Как это странно звучало бы полтора-два года назад!

Сен-Жюст лично ничего не имел против Людовика XVI. Когда-то Антуану даже казалось, что он любит короля. 14 июля 1790 года на празднике Федерации он вполне искренно кричал вместе с другими: «Да здравствует король, да здравствует наш добрый король!» Что уж греха таить, когда он писал «Дух французской революции и конституции», то верил в конституционную монархию как в панацею от всех зол. И «добрый король» Людовик XVI действительно был лучше своих предшественников — себялюбивого деспота Людовика XIV и глубоко развращенного Людовика XV. Поначалу как будто все шло хорошо: король пригласил к власти министра-философа Тюрго, в голодный год открыл беднякам свои амбары, потом, уступая просьбе народа, созвал Генеральные штаты, согласился признать их Национальным Учредительным собранием и одобрил составление конституции… Да, конечно, это было бы совсем хорошо, если бы при этом не оказалось и чего-то другого; если бы не стрельба королевских гвардейцев в народ накануне взятия Бастилии, если бы не попытка контрреволюционного переворота в октябре того же 1789 года, если бы не королевские вето на прогрессивные декреты Учредительного собрания, если бы не попытка к бегству в июне 1791 года…

Попытка к бегству окончательно раскрыла глаза Сен-Жюсту. А потом — расстрел на Марсовом поле,[4] потом — игра в жмурки с Законодательным собранием и, наконец, кровь 10 августа.[5]

Становилось ясно, что дело не в том, хороший или плохой король Людовик XVI, а в том, что он король. «Дух французской революции и конституции» уплыл в небытие. Сен-Жюст стал республиканцем.

Он и теперь не имел ничего лично против Людовика. Ему даже было жаль этого несчастного слепца, все время плясавшего под чужую дудку и собственными руками вырывшего себе могилу.

Но коль могила вырыта — пусть ложится в нее.
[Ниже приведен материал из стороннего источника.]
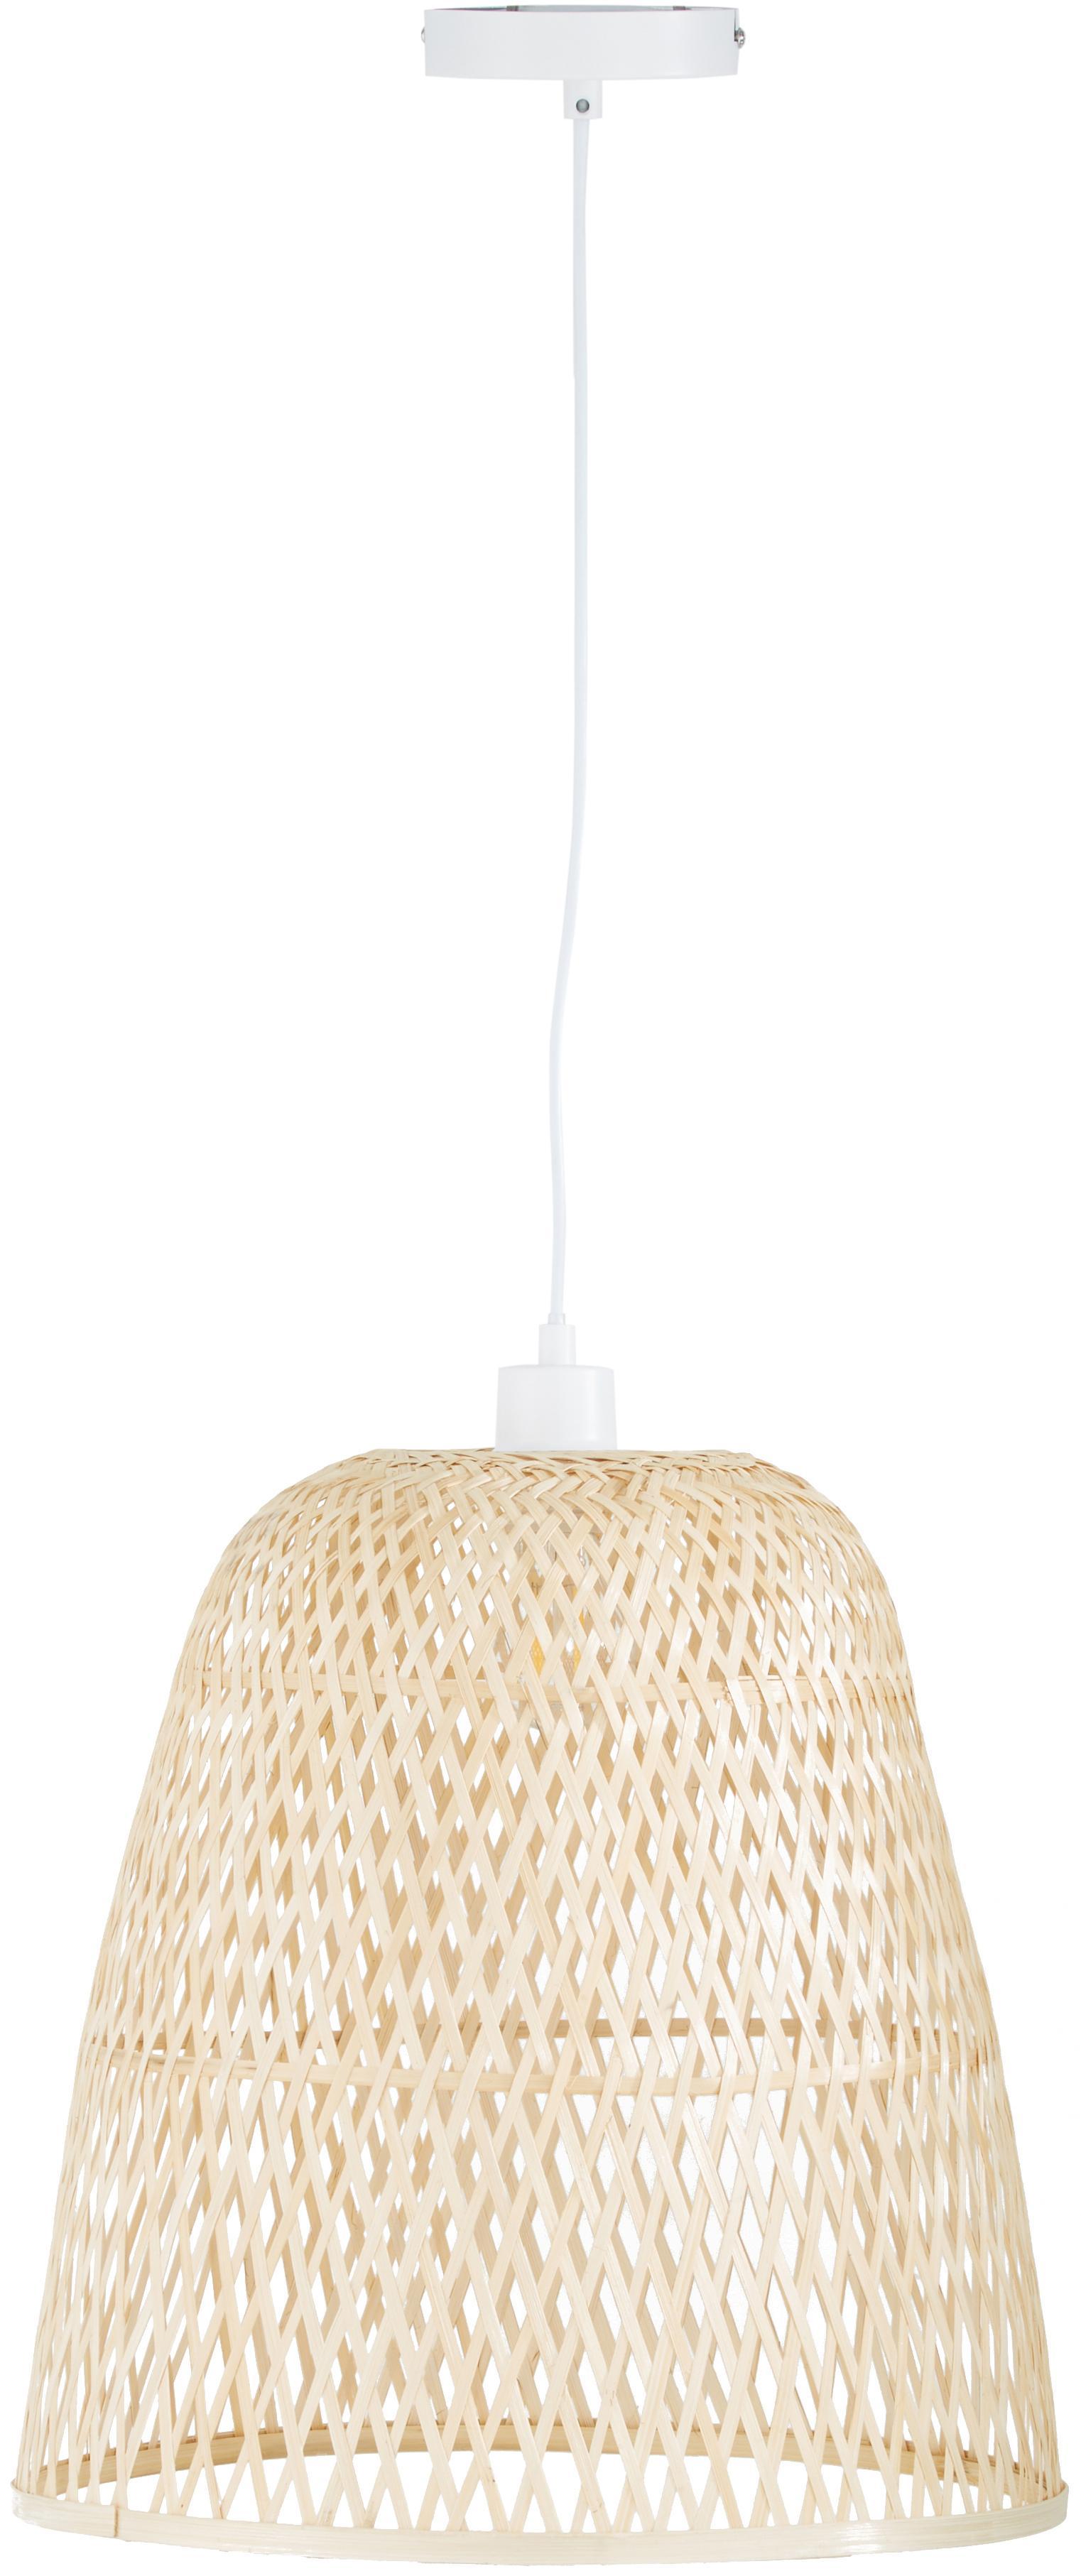 Handgemachte Pendelleuchte Eve aus Bambus, Lampenschirm: Bambus, Bambus, Ø 40 x H 40 cm

Уже с осени 1792 года понеслись требования о суде над поверженным монархом. Все чаще раздавались крики: «На гильотину Капета!» Секции[6] посылали делегатов в Коммуну и Конвент, прося ускорить национальное правосудие. На площадях и в парках бродячие актеры разыгрывали сцены процесса и казни Людовика. В Якобинский клуб шли адреса из департаментов, провозглашавшие смертный приговор низложенному королю. Людовик и как властитель, и как человек был обречен на исчезновение всем ходом истории, которого он не смог предугадать и к которому не сумел приспособиться. Как бы ни был он ныне жалок, его физическое существование представляло угрозу для освобожденной Франции. Во имя его плели сеть интриг контрреволюционные эмигранты при европейских дворах. Во имя его ушедшее в подполье дворянство и не присягнувшее конституции духовенство поднимало провинции. Во имя его полчища интервентов рвались к Парижу. Так разве, зная это, можно оставаться снисходительным к узнику Тампля? Разве, если все бросить на чаши весов истории, не перетянет кажущаяся жестокость, обрекающая на смерть тирана? Да, тирана, как ни смешно это звучит. Если учесть все в совокупности, то нельзя не понять простых людей, называющих беспомощного статиста, жалкого пигмея, не имеющего своей воли, кровопийцей и тираном…

И еще одно. Кстати говоря, очень немаловажное.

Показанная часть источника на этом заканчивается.